Silvia Monrós Stojaković

Silvia Monrós Stojaković est née à Buenos Aires, de parents catalans nés à Barcelone, elle termine l’école primaire, le lycée et ses études universitaires à Belgrade.  Elle a sans doute choisi cette ville pour la lettre « B », car enfant elle admirait BB, cette actrice française bourgeoise qui jouait plutôt mal, mais qui a tout de même été la première à apparaitre ainsi sur un écran, splendide et dénudée, un peu à la manière dont Dieu créa la femme.

Silvia, elle, était et est toujours très timide, même si aujourd’hui personne ne le remarque. 

 

Silvia Monrós a officiellement débuté ses travaux littéraires en 1976, lorsqu’elle a publié une sélection de textes de poètes espagnols contemporains, qu’elle a elle-même traduits en serbe. Ce recueil est construit à partir de l’anthologie de J.M. Castellet. Pendant qu’il l’écrivait, Castellet écoutait Aretha Franklin.

 

Avant ce livre, Silvia avait déjà publié sa toute première traduction dans une revue littéraire : « La santé des malades »  de Julio Cortázar, afin que ses propres dessins soient également publiés.

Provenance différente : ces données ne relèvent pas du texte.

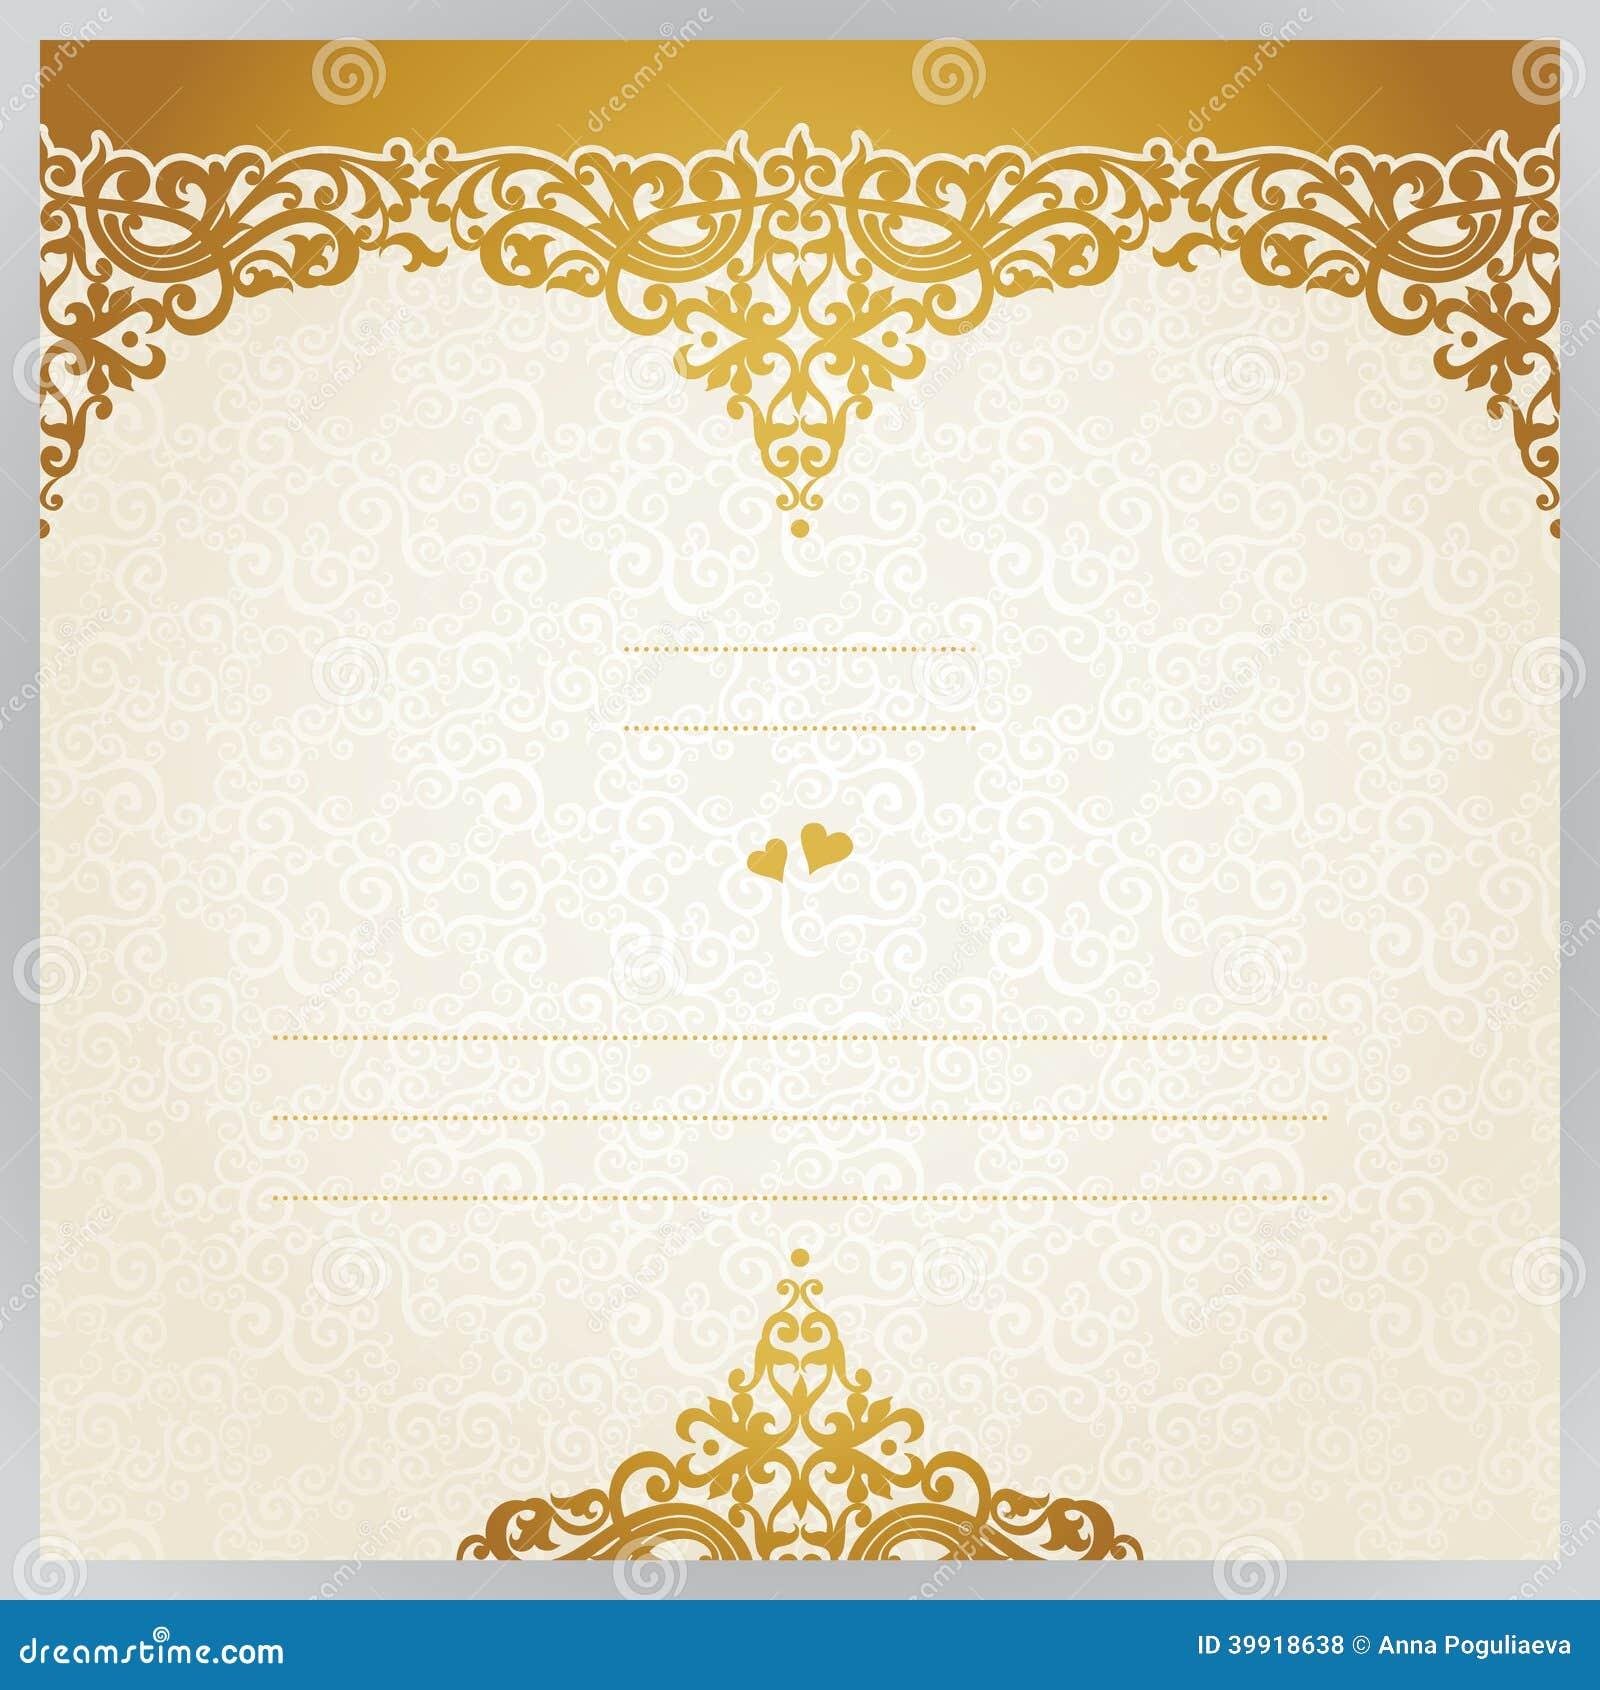 Oriental Wedding Invitations was perfect invitation template

Depuis lors, Silvia Monrós a traduit plus d’une centaine d’unités bibliographiques.

 

Parmi les traductions de l’espagnol vers le serbe, nous pouvons citer Rayula de Julio Cortázar, ainsi que le roman hypnotique de Javier Marías, qui comme Cortázar déplace les frontières de la littérature. Elle a également traduit différents romans des nouvelles auteures espagnoles, qui sans avoir besoin de repousser les frontières du roman,  affirment simplement l’insolente possibilité d’écrire au vol.

 

Silvia Monrós traduit la poésie par plaisir, de manière assez traditionnelle. Elle prend ainsi un vif plaisir à traduire (entre autres) les poèmes d’Antonio Porpetta, madrilène et globe-trotter.

 

Du serbe vers l’espagnol elle a traduit d’autres auteurs reconnus, tels que Milorad Pavić et nombre de classiques contemporains de la vigoureuse littérature serbe. Elle traduit pareillement plusieurs poèmes ou recueils complets des poètes serbes contemporains qui forment l’avant-garde de la littérature serbe.                                                                                          

 

Les livres que Silvia Monrós a signés en tant qu’auteure sont : La última rayuela de Cortázar (roman épistolaire avec Julio Cortázar et Carol Dunlop), Espejo de amor (correspondance entre deux peintres métaphysiciens d’origine russe à Belgrade, 1994), Ciudad de Ciudades (réponse électronique à l’ange miséricordieux de 99, en édition bilingue, 2000),  La clepsidra de Ortega (essai sur l’application possible des postures du penseur espagnol adaptées à la réalité balkanique actuelle, également en édition bilingue, 2001), Continuará... (feuilleton autobiographique, 2002), Nosotros, Salvador Dalí (monographie critique, peu paranoïaque mais exclusivement serbe, elle approche ce qui se trouve de l’autre côté de ce que l’on peut voir habituellement dans l’œuvre de l’exubérant peintre catalan, 2004) et Argentina mía (impression d’un voyage en Argentine, qui se termine en Patagonie avec un cocktail qui porte le nom du livre, 2005).

La traduction des essais sur l’amour de José Ortega et Gasset par Silvia Monrós vient tout juste d’être publiée, et son propre essai intitulé Bahía desbordada sera publié sous peu.

En síntesis est le tout premier livre de poésie que Silvia Monrós de Stojaković a décidé de publier afin de pouvoir accompagner ses petits dessins colorés.